Ecosyste.ms: Awesome

An open API service indexing awesome lists of open source software.

Awesome Lists | Featured Topics | Projects

https://github.com/bradfitz/homelab

Brad's homelab setup
https://github.com/bradfitz/homelab

Last synced: 30 days ago
JSON representation

Brad's homelab setup

Awesome Lists containing this project

README

        

# Brad's Homelab

Hi, I'm [Brad](https://bradfitz.com), @bradfitz [on Twitter](https://twitter.com/bradfitz), etc.

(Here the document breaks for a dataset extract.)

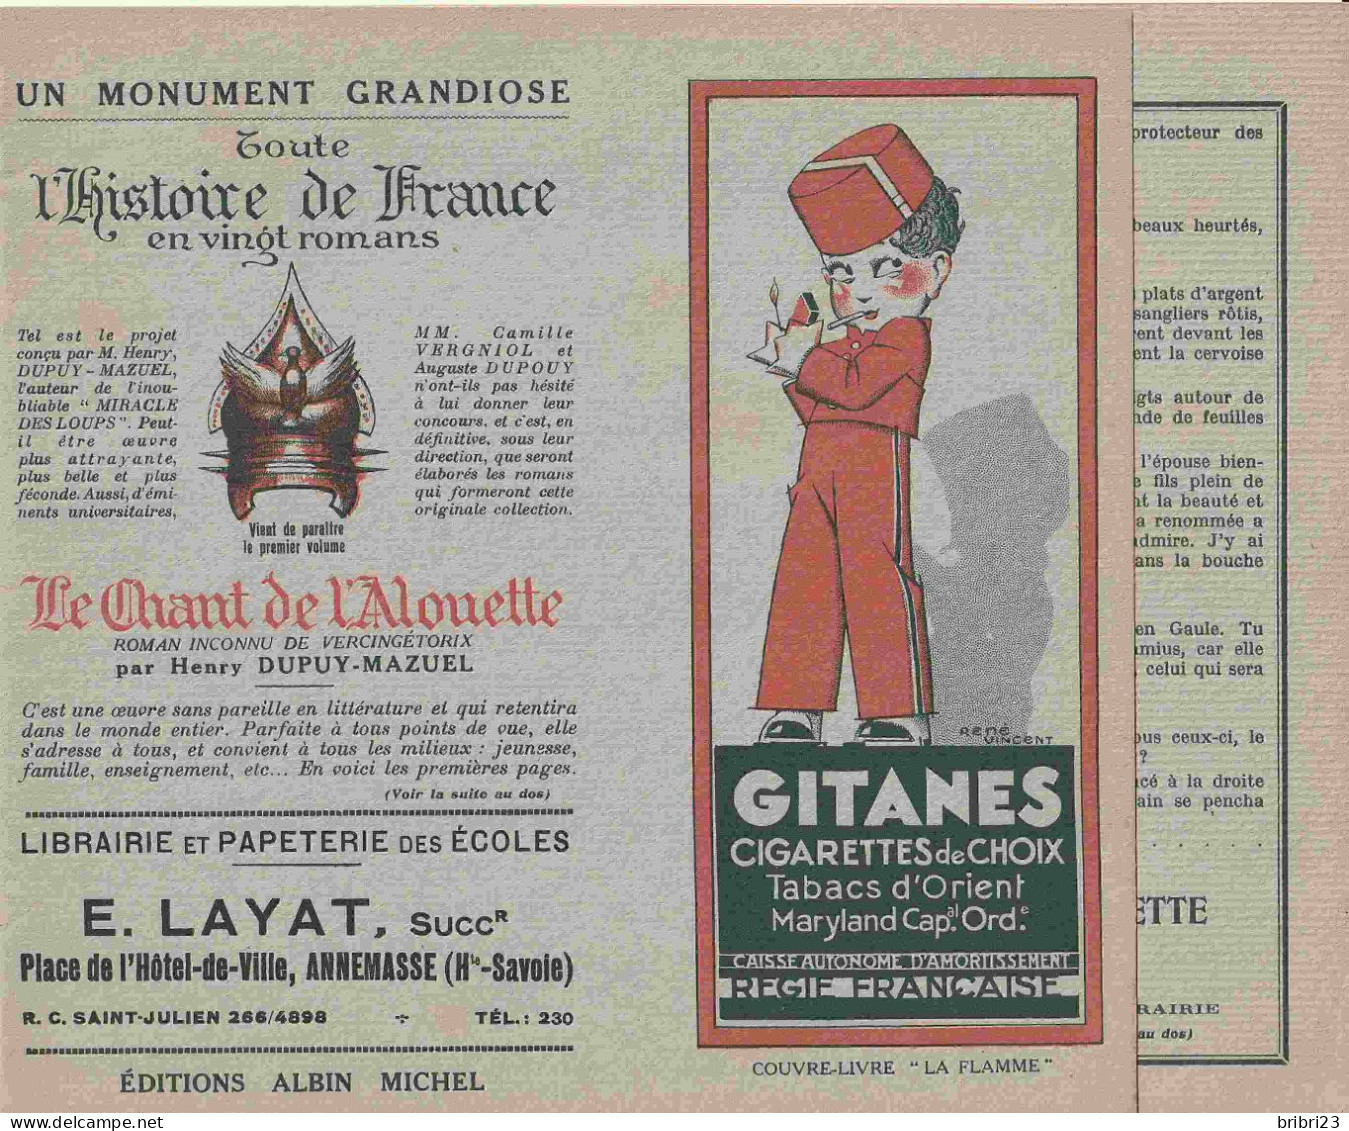 COUVRE-LIVRE " LA FLAMME " PUBLICITE LIBRAIRIE Annemasse - CIGARETTES GITANES BALTO - Tabac & Cigarettes

This page describes my home server & networking setup.

# Discussion

* On Twitter: https://twitter.com/bradfitz/status/1013848084789395457
* On Hacker News: https://news.ycombinator.com/item?id=17444230

Questions welcome!

# Goals

The primary goals of this project are...

* to have a highly-available home Internet setup, with no SPOF (Single Point of Failure)

* to learn and have fun.

# In summary

I have 3 physical machines plugged into 3 switches, with all switches
connected to each other. I don't have a physical
router/gateway. Instead, a Linux virtual machine handles the IPv4 NAT,
IPv6 announcements, DHCP, DNS, etc, and that Linux VM floats between
the 3 machines as needed, including live migration during maintenance.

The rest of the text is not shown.